Pope, in first post-lockdown audience, thanks Italian doctors

FAN Editor
Pope Francis holds the weekly general audience at the Vatican
FILE PHOTO: Pope Francis holds the weekly general audience at the Library of the Apostolic Palace at the Vatican, June 10, 2020. Vatican Media/Handout via REUTERS

June 20, 2020

By Philip Pullella

VATICAN CITY (Reuters) – Pope Francis on Saturday held his first audience for a group of people since Italy lifted its coronavirus lockdown, granting it to health workers from the Italian region most affected by the pandemic.

“You were one of the supporting pillars of the entire country,” he told doctors and nurses from the Lombardy region gathered in the Vatican’s frescoed Clementine Hall, which had not been used for months because of the crisis.

“To those of you here and to your colleagues all across Italy go my esteem and my sincere thanks, and I know very well I am interpreting everyone’s sentiments,” he said.

He thanked the health workers, who wore masks, for being “angels,” including by lending their cell phones to dying patients so they could say their final goodbyes to their loved ones.

Italy returned to relative normality on June 3 when Italians were allowed to move between regions again.
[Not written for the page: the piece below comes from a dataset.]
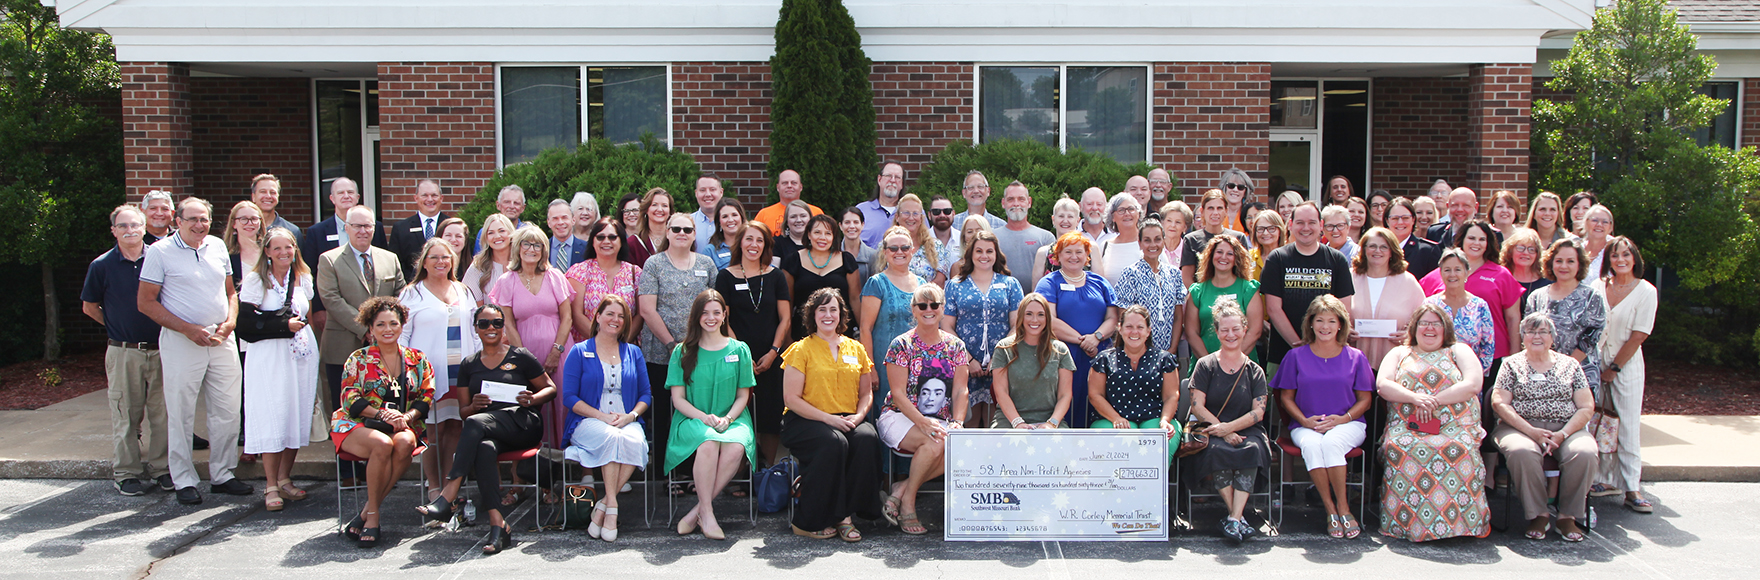 Southwest Missouri Bank Announces 5th Year of Corley Grant Recipients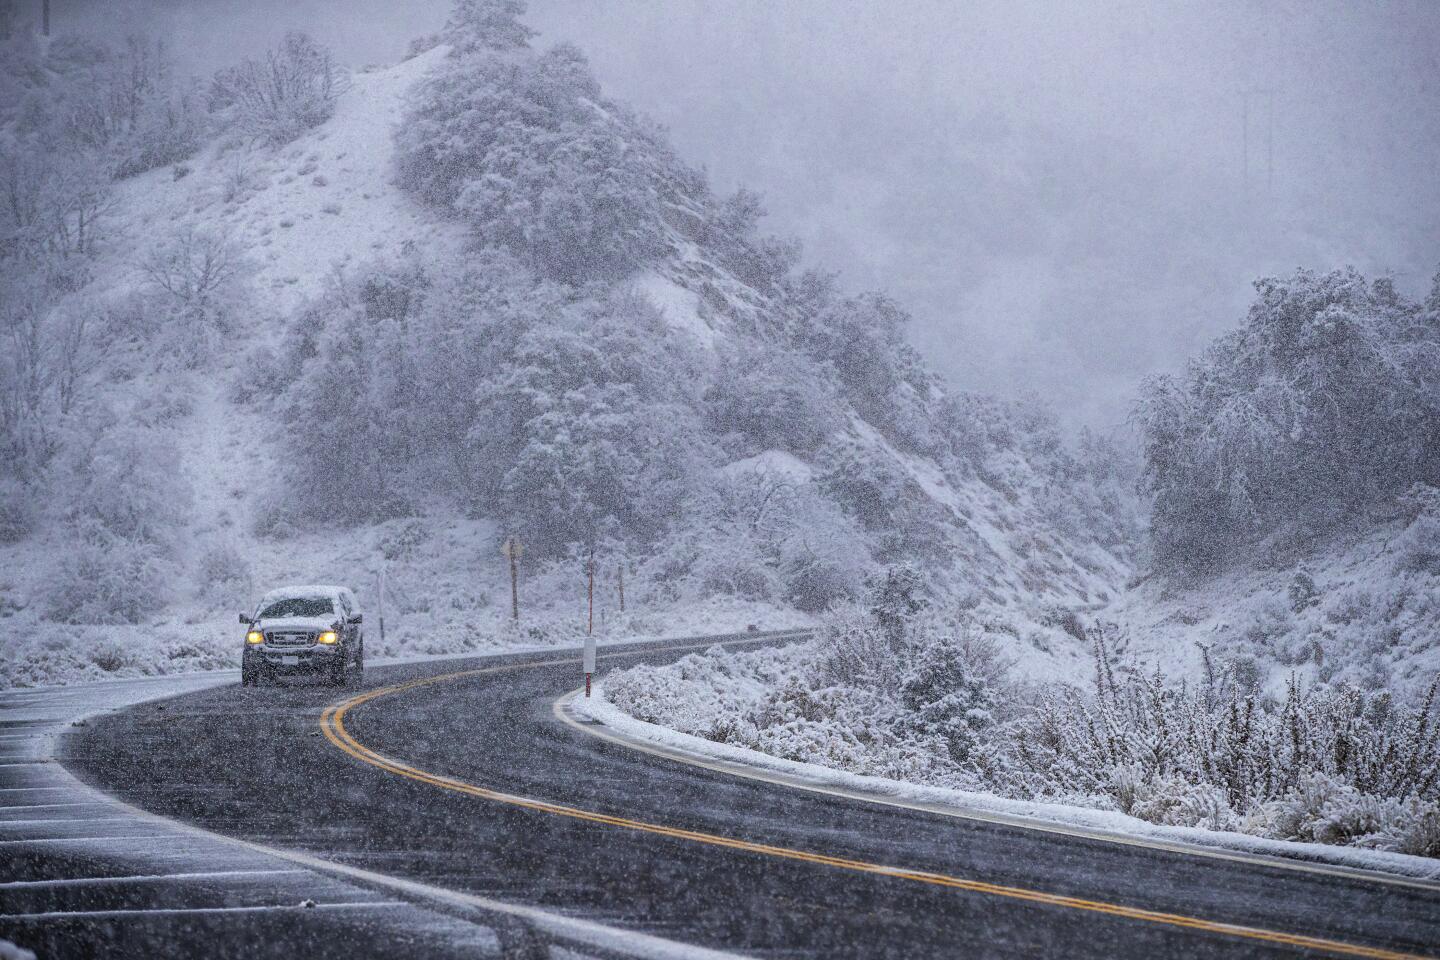 Snow blankets high-desert plant life and terrain along Highway 2 as the first snowfall of the season arrives in Wrightwood, California.

But rules such as social distancing in public and wearing masks are still in effect.

Nearly 35,000 people in Italy have died of coronavirus, the fourth highest number in the world after the United States, Brazil and Britain.

Nearly 170 of them were doctors and the pope paid special tribute to them in his address on Saturday.

At the end the meeting, the pope joked about what he called “the liturgy of the greeting” explaining that they would take a group picture but he would “be obedient to the rules” and greet them from a distance as he passed down the aisle.

Francis’ weekly general audience is still being held without the public and streamed over the internet, although he has resumed giving his Sunday message from his window since St. Peter’s Square was reopened last month.

He has resumed public Masses but with only about 50 people allowed.